The mole fraction of ammonia in the gas passing through the adiabatic reaction unit is typically reduced by at least 20%, e.g., by at least 25%, or by at least 30%, or even by at least 35%, e.g., by at least about 40%, and/or up to about 50%. Put another way, the mole fraction of ammonia may be reduced from 1 (or almost 1) in the heated ammonia gas to an amount in a range from about 0.5 to about 0.8, or to an amount in a range from about 0.5 to about 0.7, or to an amount in a range from about 0.55 to about 0.65, or to an amount in a range from about 0.55 to about 0.60, e.g., about 0.57, in the partially cracked ammonia gas.

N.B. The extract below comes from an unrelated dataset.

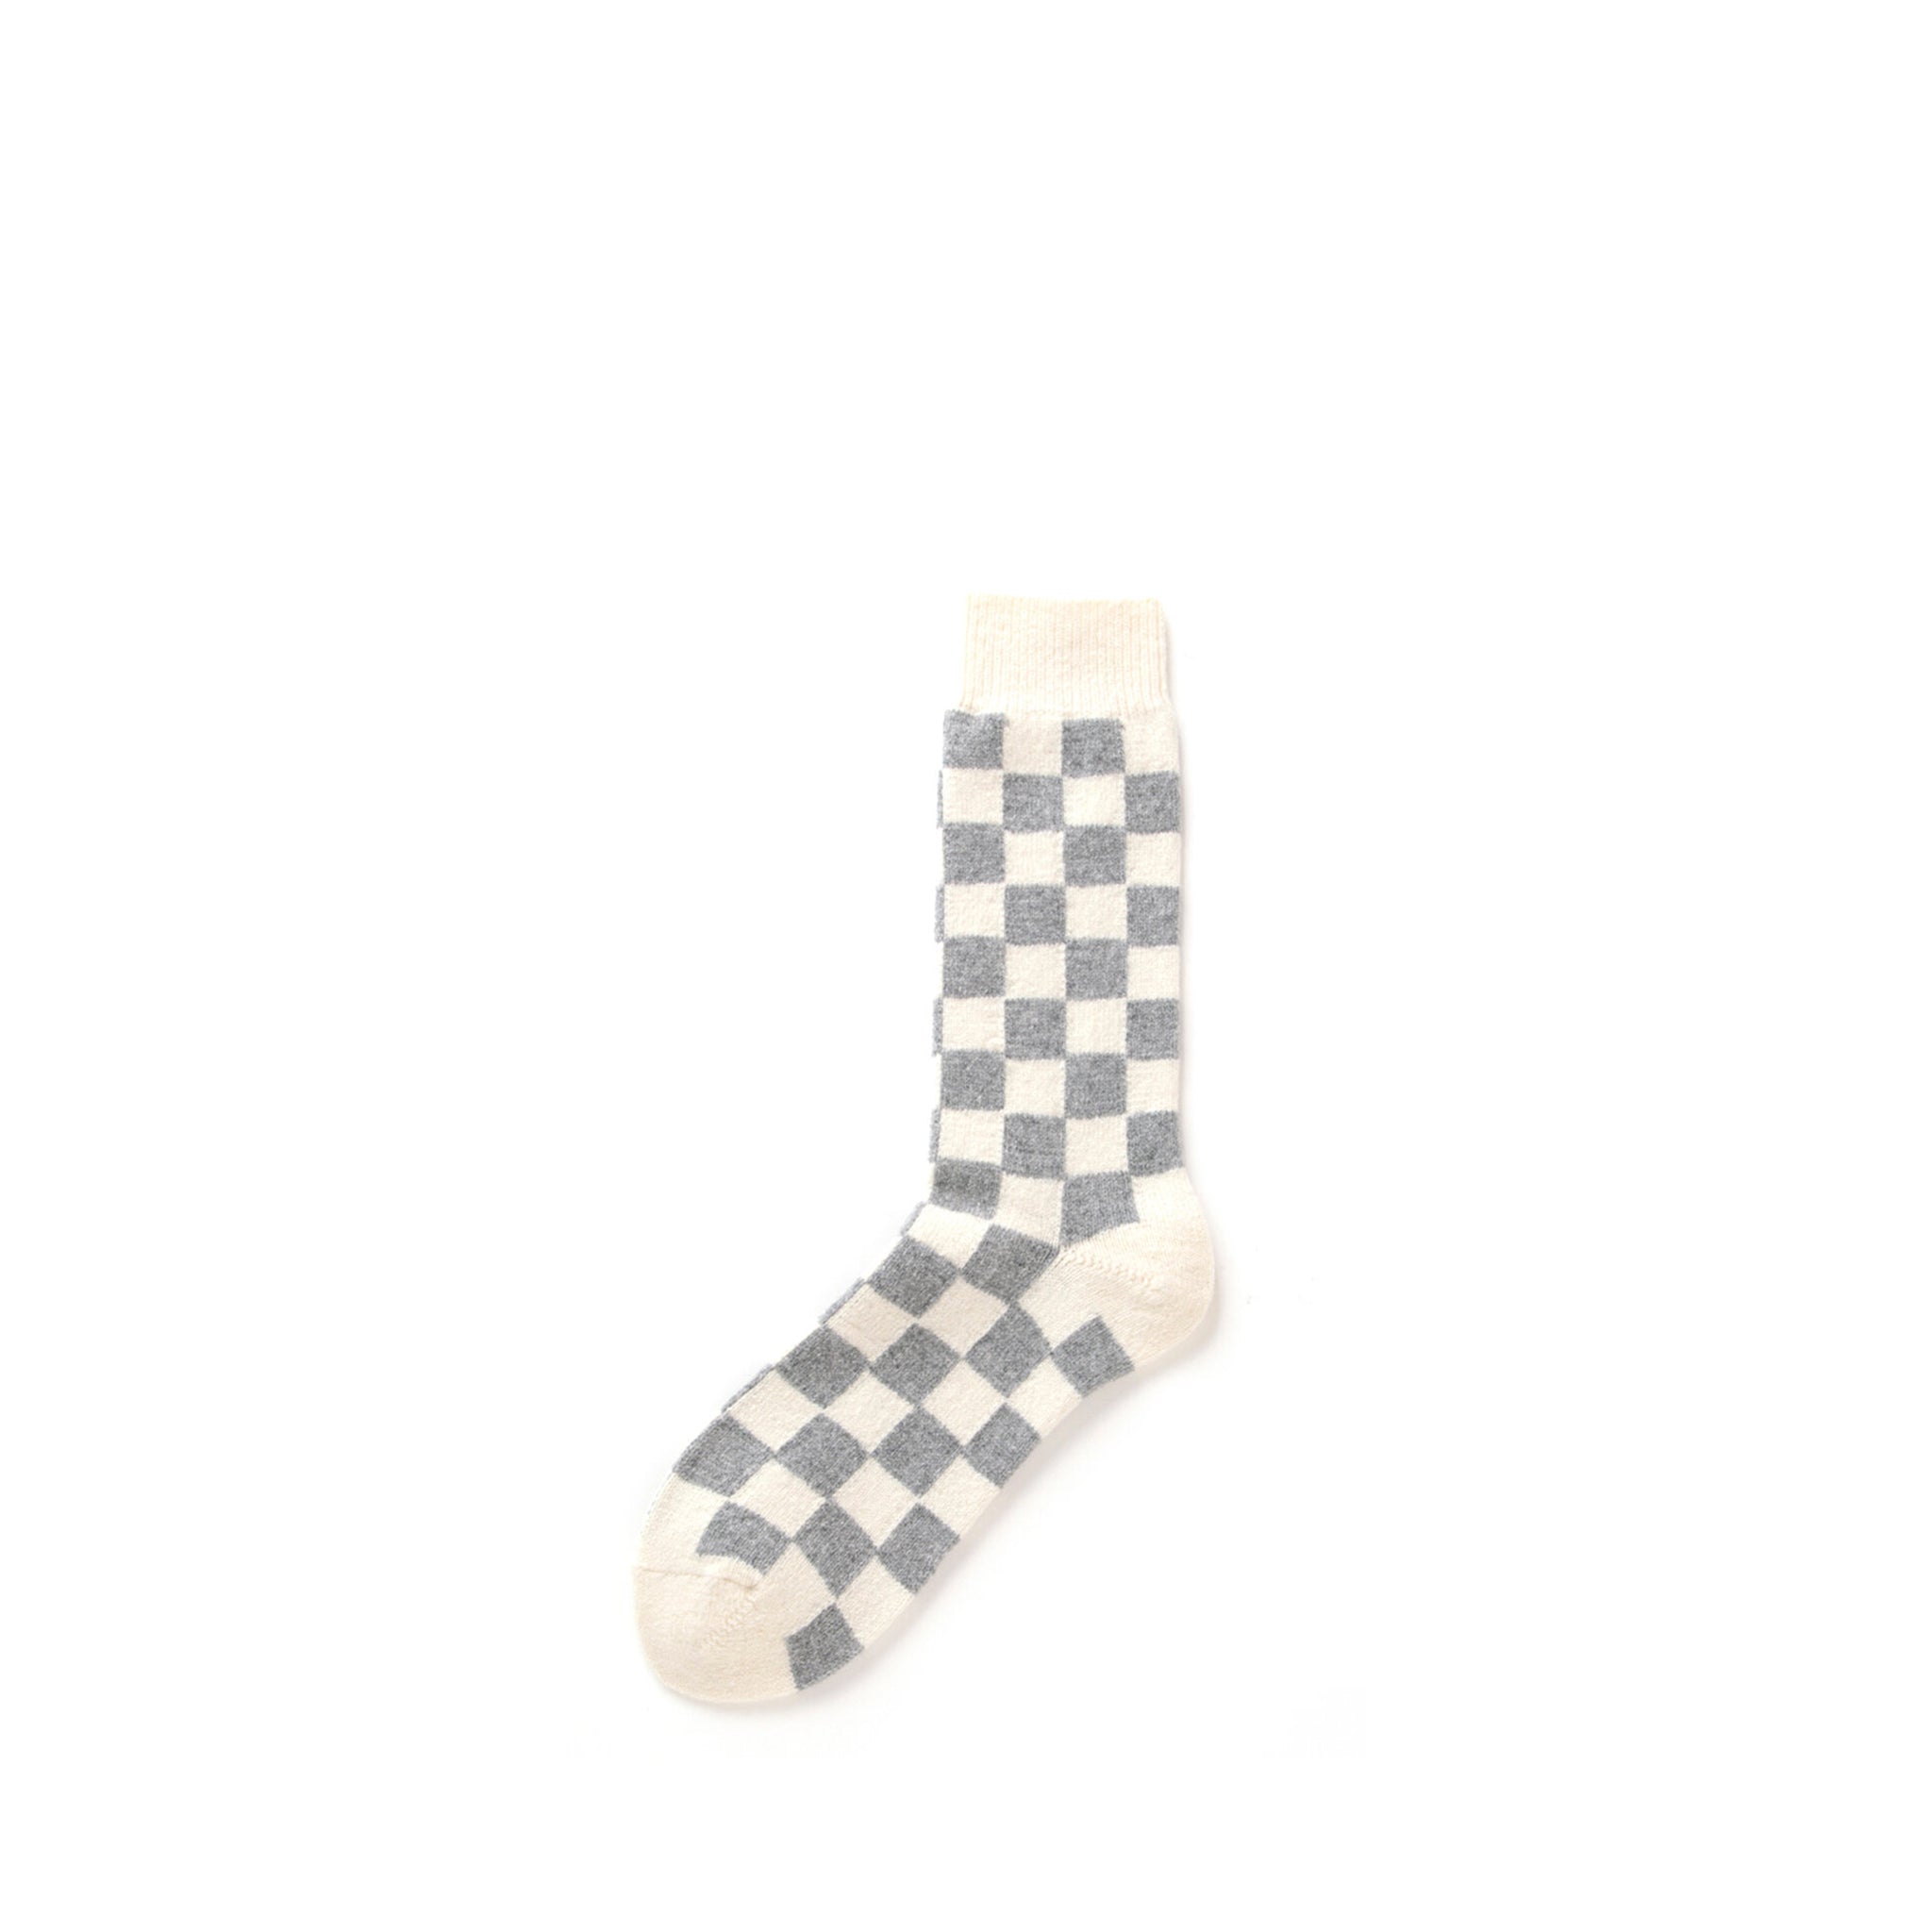 Rototo Recycled Wool Checkerboard Crew Socks: Ivory / Grey - The Union Project

The adiabatic reaction unit may be incorporated into the design of the process to improve overall efficiency, specifically by using the heat available in the flue gas to provide heat to the adiabatic cracking process within this unit. In this regard, the temperatures around the adiabatic reaction unit are typically optimized to maximise the recovery of heat from the flue gas.

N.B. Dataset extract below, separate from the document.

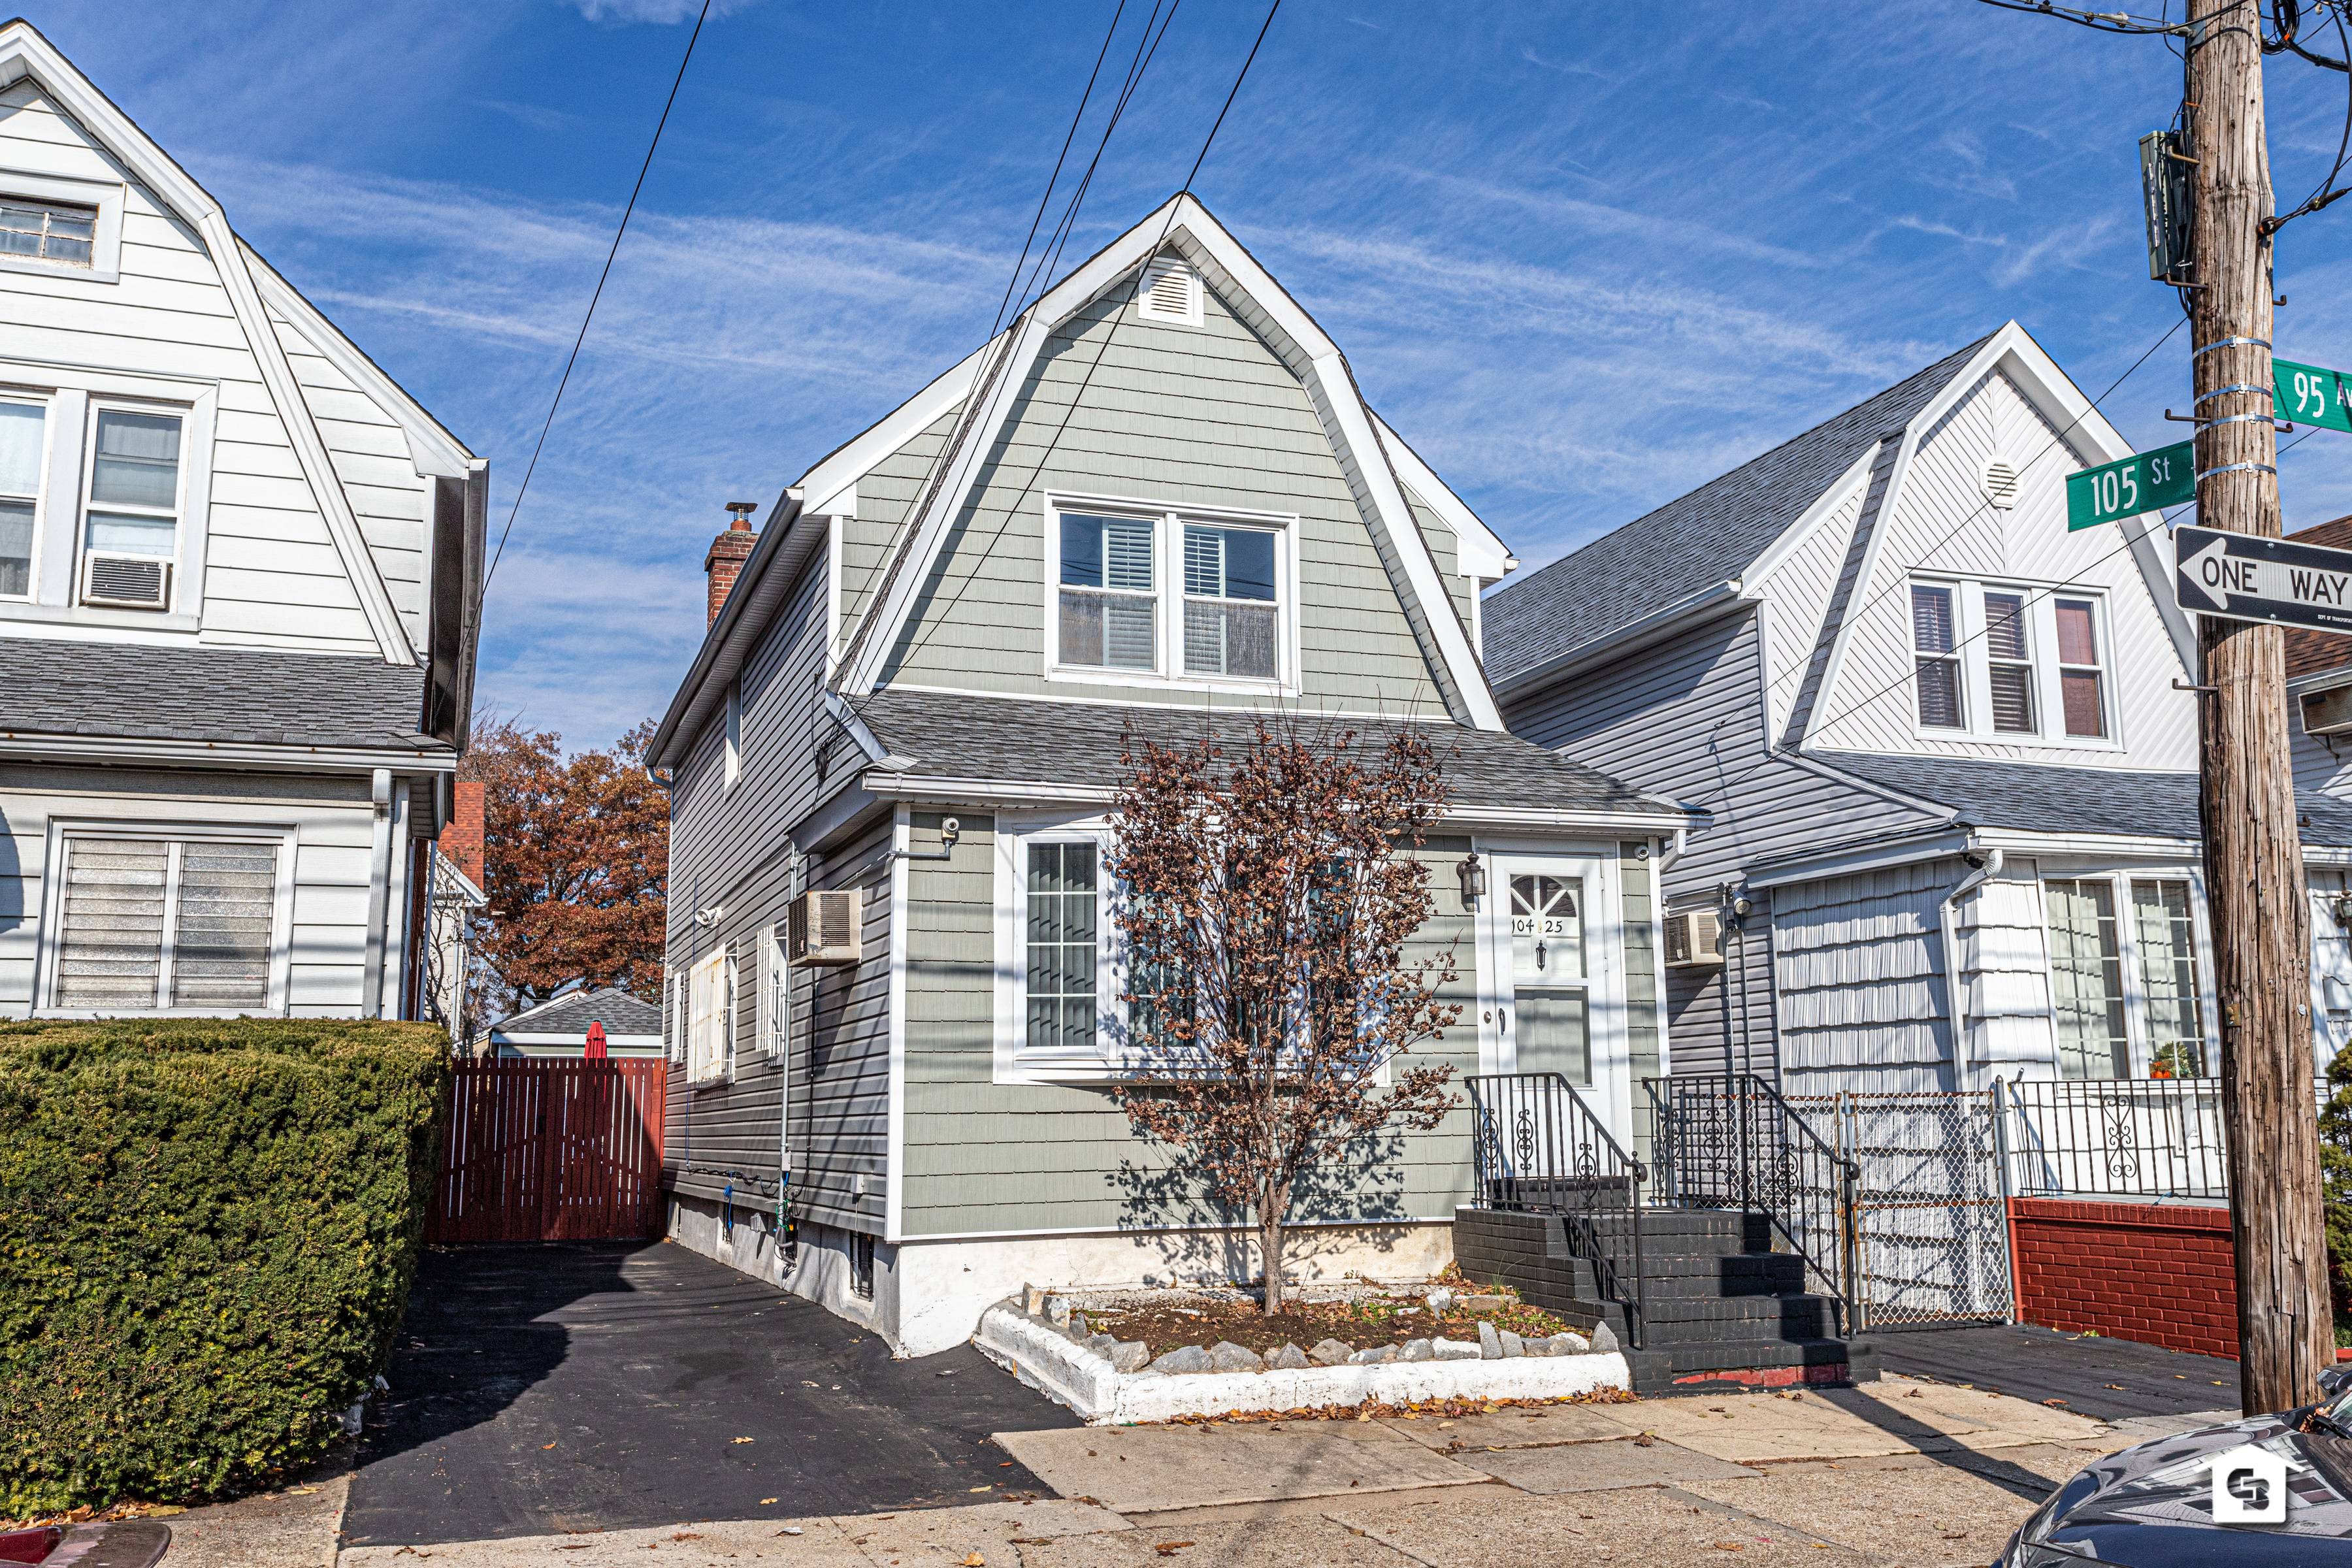 Open, airy, cozy and comfortable is this 2 family home used as a single family located in the heart of Ozone Park.

The key design parameter for the adiabatic reaction unit is the inlet temperature. A higher inlet temperature allows greater conversion in the unit since the ammonia cracking reaction is endothermic. However, higher temperatures put greater demands on the materials of construction and the catalyst. The inlet temperature is therefore typically in a range from about 350° C. to about 800° C., or from about 500° C. to about 700° C., or from about 550° C. to about 650° C.

Due to the high temperatures and ammonia concentrations involved, the reactor tubes of the cracking reactors must typically be constructed from materials resistant to ammonia and/or ammonia nitriding. Suitable materials include nickel-based alloys comprising at least 40 wt. % or at least 50 wt. % nickel. Such alloys typically have no more than 90 wt. %, or no more than 80 wt. % nickel. The alloys will typically comprise one or more other metals selected from chromium, cobalt, molybdenum and iron.

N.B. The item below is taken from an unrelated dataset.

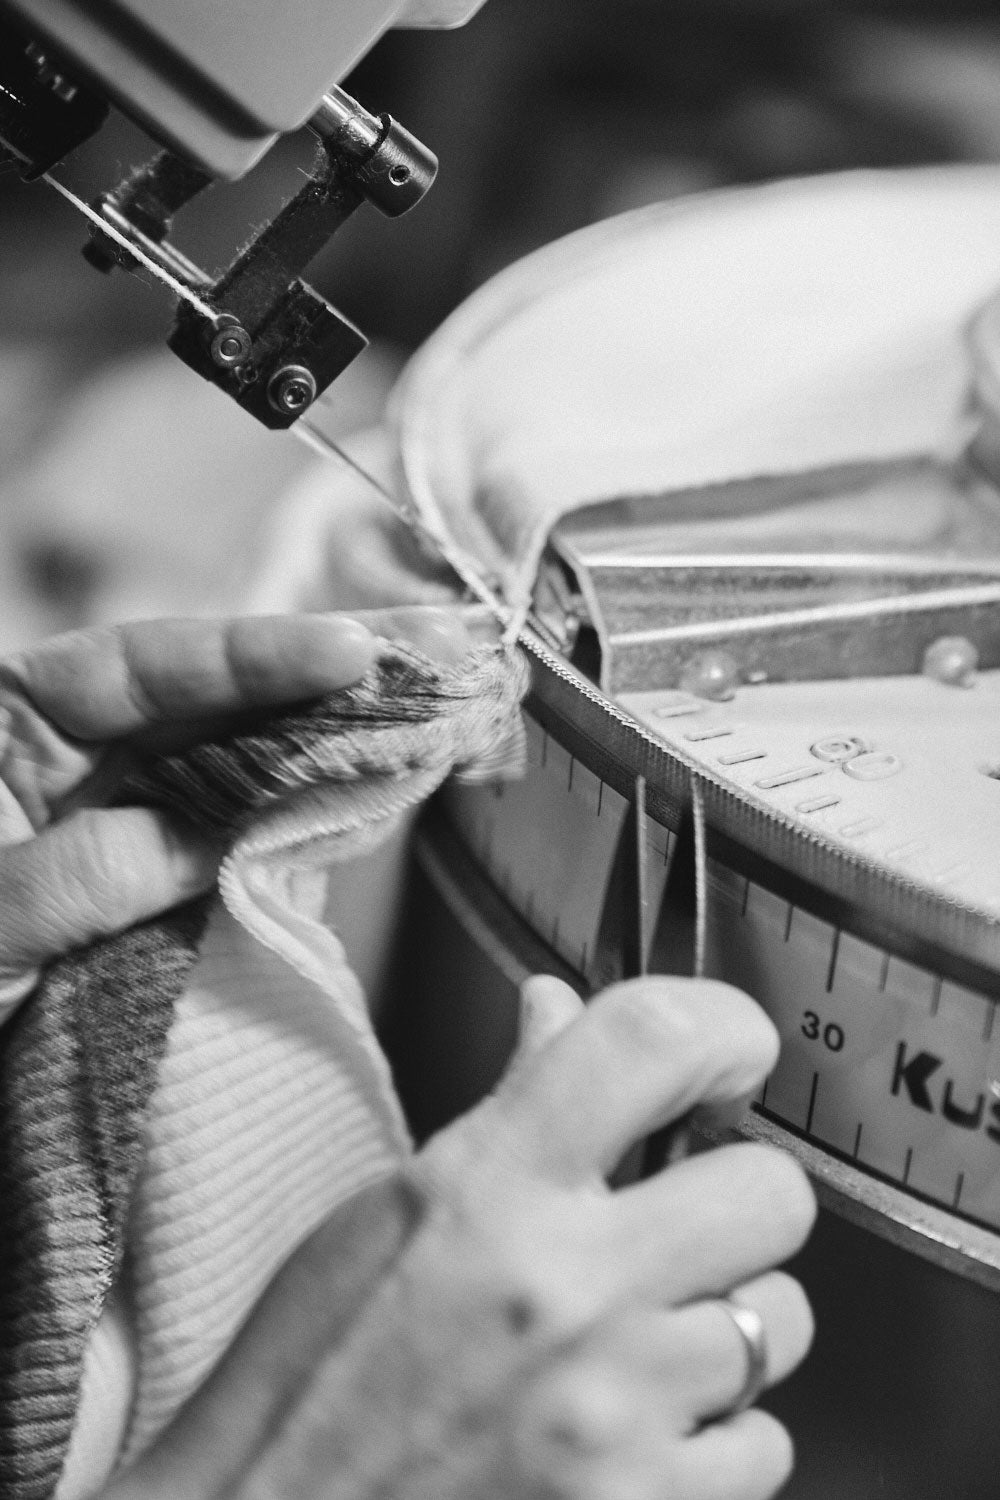 MADE IN SPAIN: Artisan production carried through by a family-owned factory in Toledo

Specific examples of suitable nickel-based alloys include UNS N06600, N06625, N06601, N06617, N06025, N06230, N07214, N08811. In some embodiments, austenitic nickel-chromium based superalloys such as Inconel may be used.

The unified numbering system (UNS) is an alloy designation system that is widely accepted in North America. Each UNS number relates to a specific metal or alloy and defines its specific chemical composition, or in some cases a specific mechanical or physical property.

Other suitable materials include cobalt-based alloys such as UNS R30188. In addition, high temperature alloys that are less resistant to ammonia nitriding, such as UNS N08811 or cast alloys such as HPNb, HP Micro-Alloyed, MA-1 (MetalTek International, USA), may be suitable, particularly when surface modified or coated by a corrosion resistant layer such as aluminization; aluminization and then pre-oxidation; or a ceramics coating. Nitriding resistant alloys can also be used with surface modification or coating for improved performance.

The adiabatic reaction unit will typically comprise one or more adiabatic reactors, the or each reactor comprising a catalyst bed. The or each adiabatic reactor may be made from one or more of the ammonia-resistant and/or ammonia nitriding-resistant materials list above.

In preferred embodiments, the adiabatic reaction unit will comprise two or more adiabatic reactors, e.g., two, three, four, five or six reactors, with interstage heating as appropriate. The reactors may be arranged in series or in parallel or in a combination of series and parallel depending on the requirements of the process. However, in preferred embodiments, the adiabatic reaction unit will have two such reactors arranged in series with interstage heating of the intermediate partially cracked ammonia gas by heat exchange against the cracked gas or the flue gas.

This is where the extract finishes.